Looking at multiple levels of optical winds can be useful in analyzing the amount of wind shear over an area in near-real time. In this case, the tool shows limited wind shear, so one would expect storms to be a bit more short lived. Would it be possible to add wind shear fields directly into this tool for quicker analysis?

Optical winds for the ILM CWA on 6/15 at 18Z showing little difference in the winds between the 800-600mb and 600-400 mb levels.
4 panel of the GLM data at ILM around 19 UTC illustrates Flash Extent Density (top right), Minimum Flash Area (bottom left) and Total Optical Energy (bottom right). We adjusted the colormap of the minimum flash area so that we could identify the updrafts more easily since the minimum flash areas were under 100km^2 and the default map was set to cover images up to 2000km^2. This allowed us to identify which storms featured the strongest updrafts which when combined with data from the Flash Extent Density, we could watch for storms that were strengthening and thus posed a greater need for a warning.

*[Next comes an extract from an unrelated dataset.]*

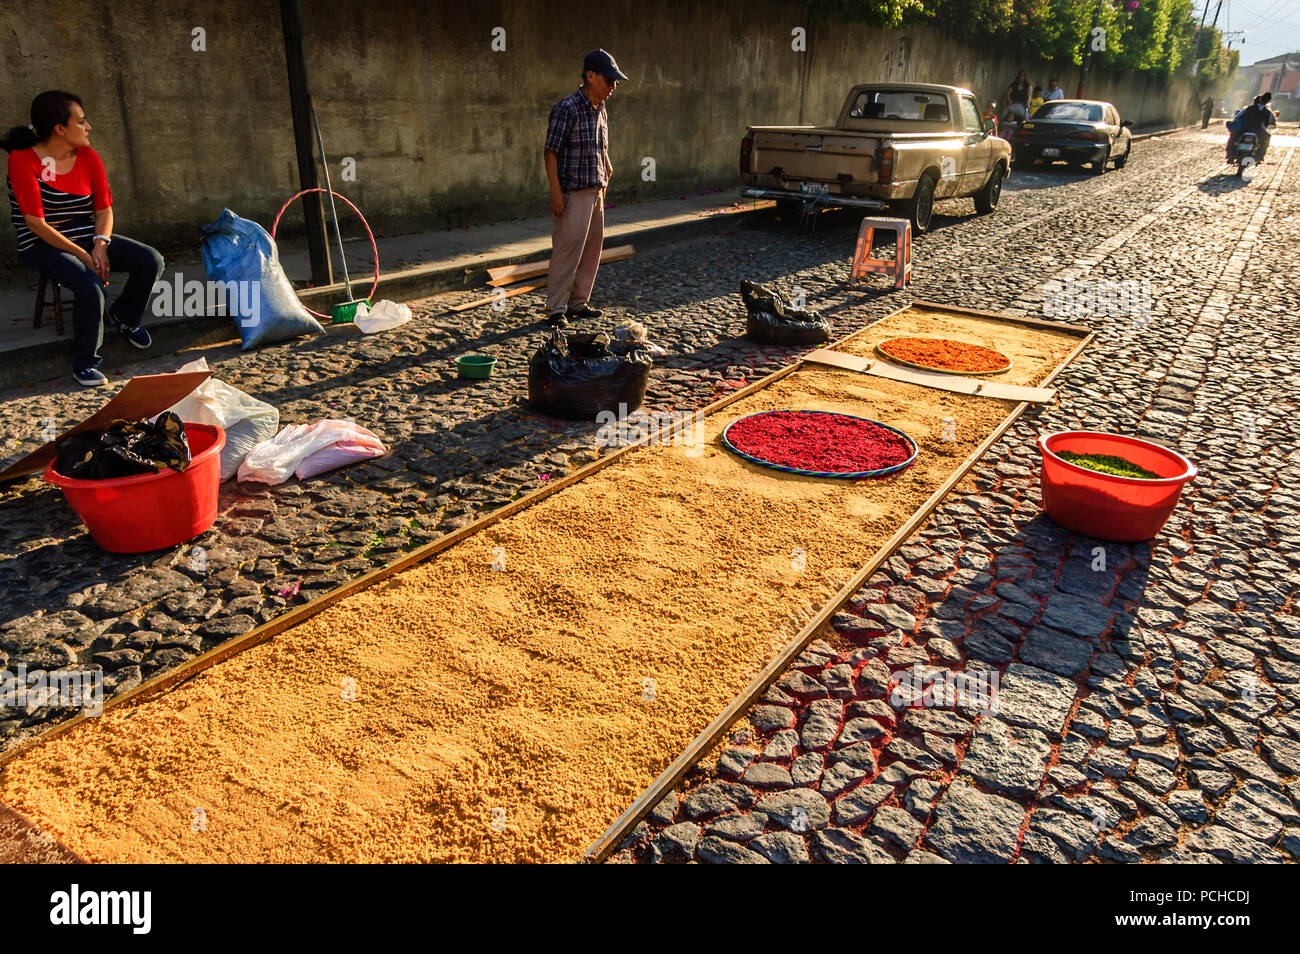 Antigua, Guatemala - 3. April 2015: Einheimische, die Karfreitagsprozession Teppich in der Stadt machen, mit dem berühmtesten Feierlichkeiten zur Karwoche in Lateinamerika. Stockfoto

Three Body Scattered Spike & ProbHail

Three body scattered spike is visible in the storm in the top right panel.
ProbHail shows values of ~65% when the three body scattered spike appears with MESH values over 2” supporting the likelihood of at least severe size hail in the discrete cell.

Watching the meteogram on this storm, we can see the probhail values jumped up to 65% over the last 15 minutes. It’s probably best to have ProbHail values of 60% or more last for a few volume scans because that suggests the residence time in the hail growth zone is long enough for hail to grow and become 1” in diameter or larger.